## RECORDED INFORMATION
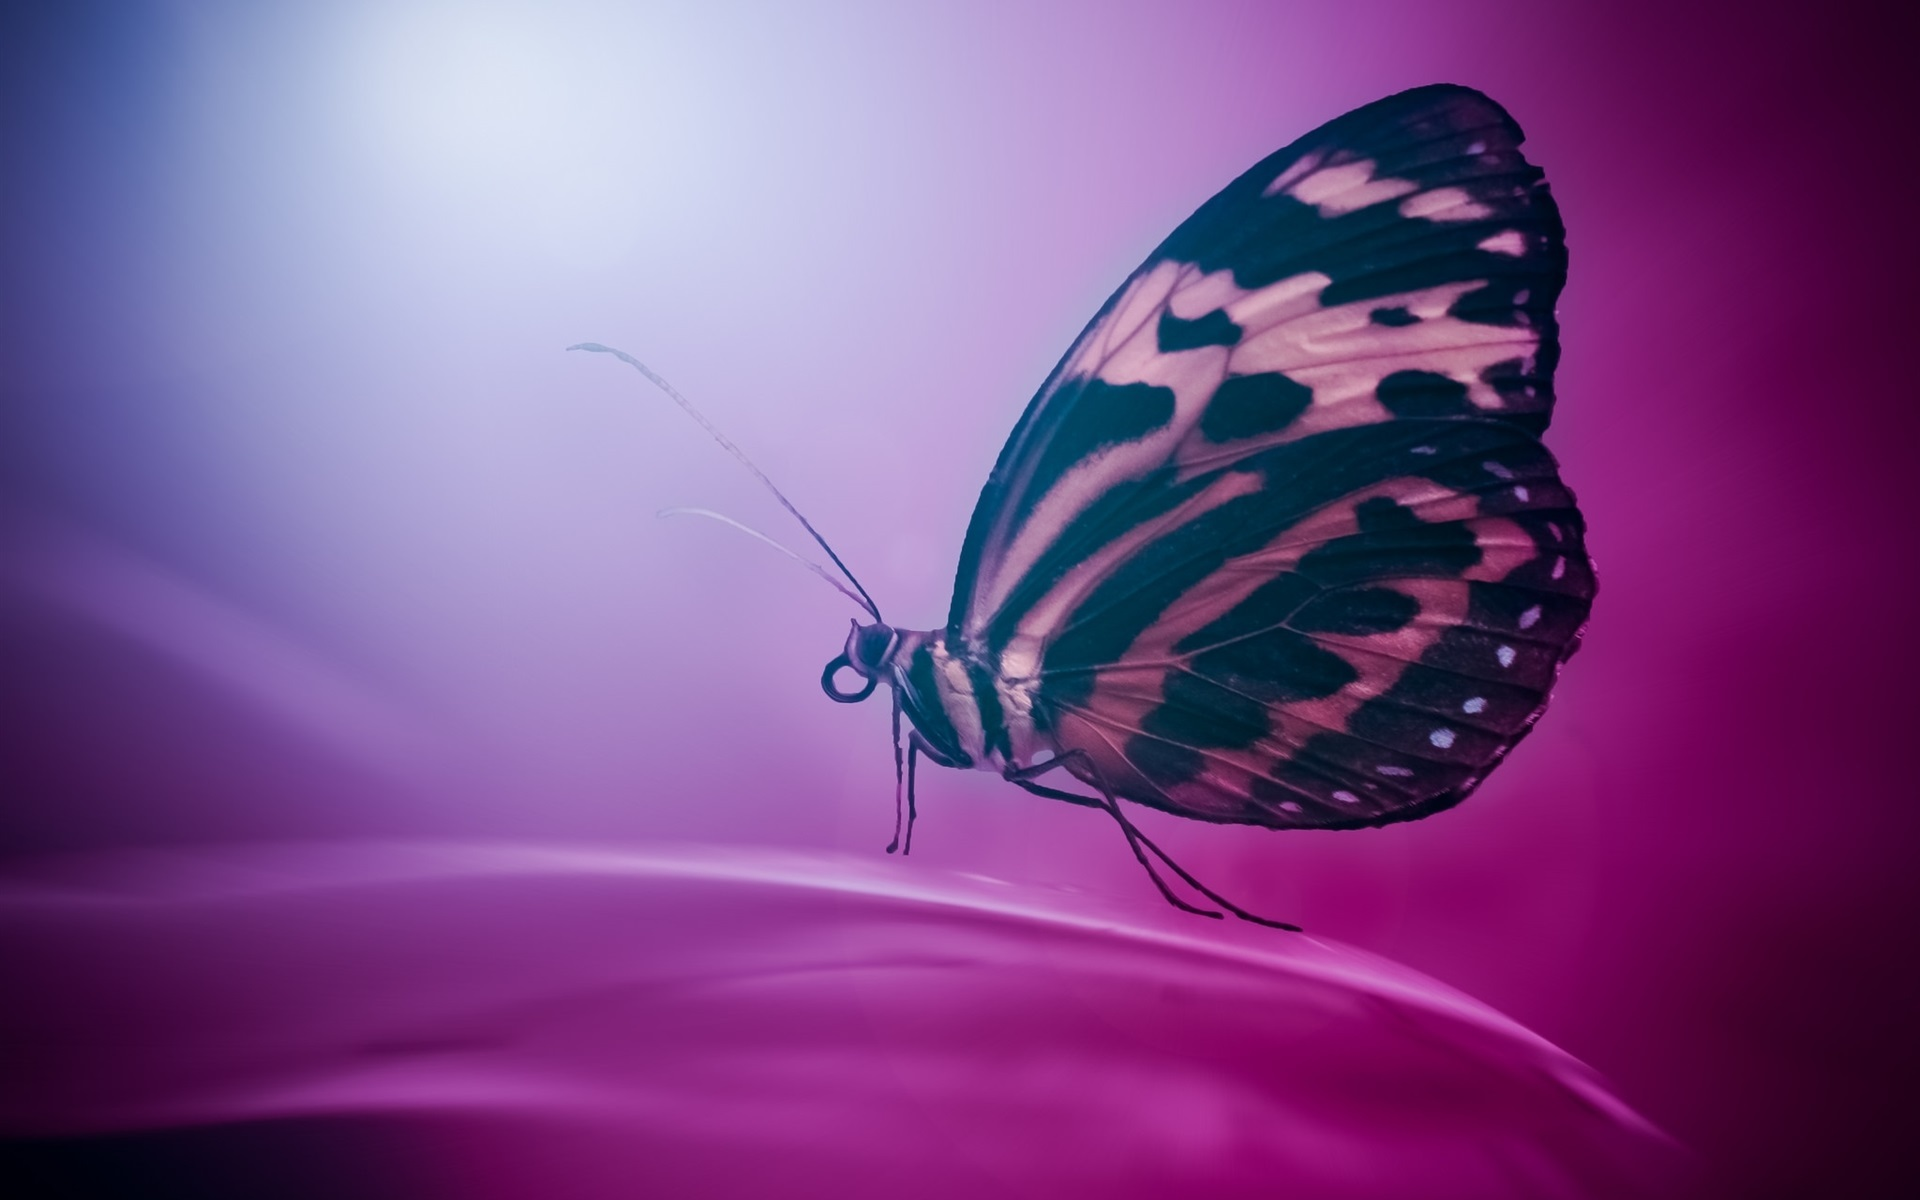 Image: Butterfly, wings, sitting, flower, color, purple
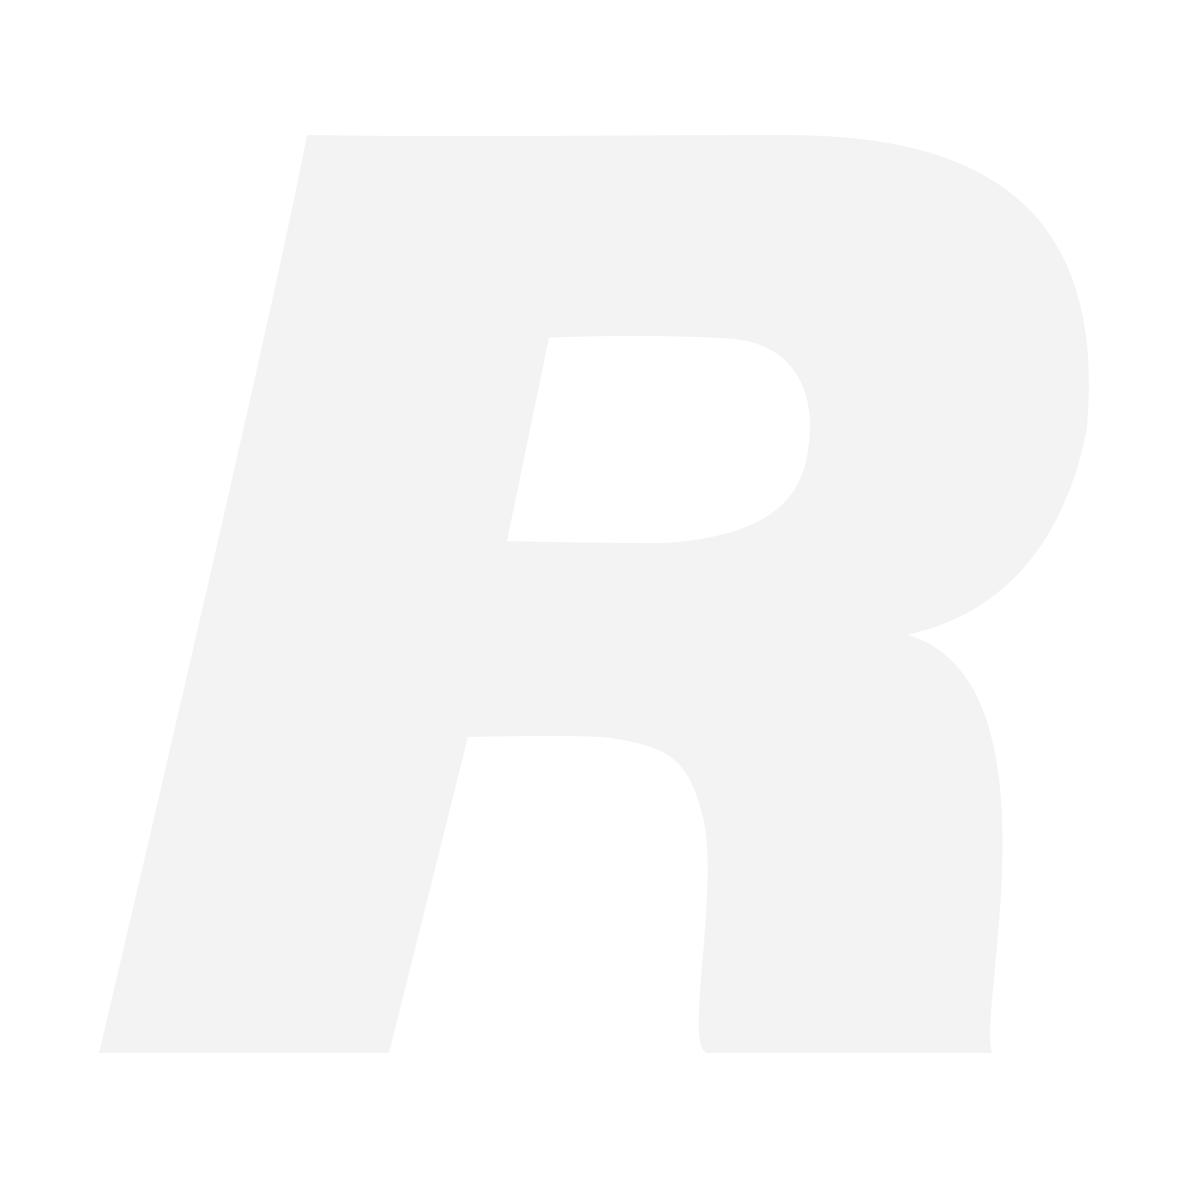 GoPro komposiittikaapeli (HERO 3, HERO 3+, HERO 4)
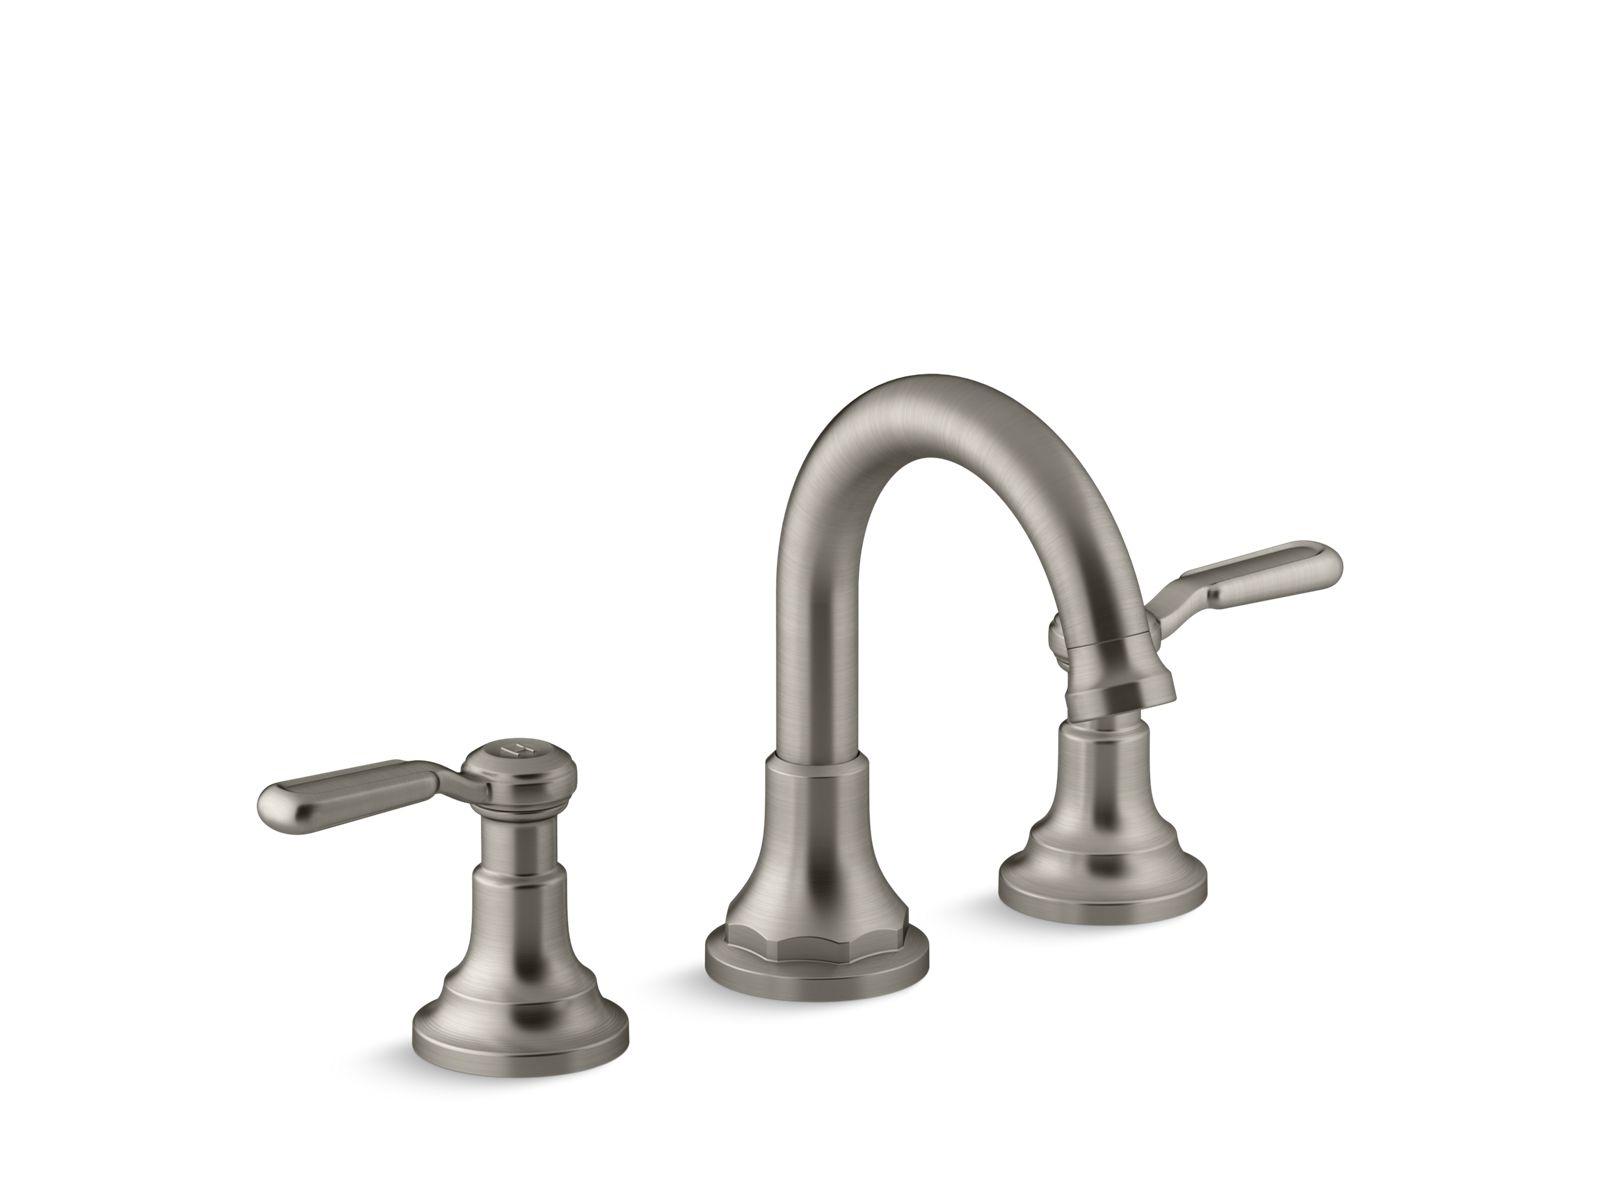 k r76257 4d worth widespread bathroom faucet kohler

## ASSIGNED TASK
Print the data again, word for word, without any pictures.

## RESULT
 Image: Butterfly, wings, sitting, flower, color, purple
 GoPro komposiittikaapeli (HERO 3, HERO 3+, HERO 4)
 k r76257 4d worth widespread bathroom faucet kohler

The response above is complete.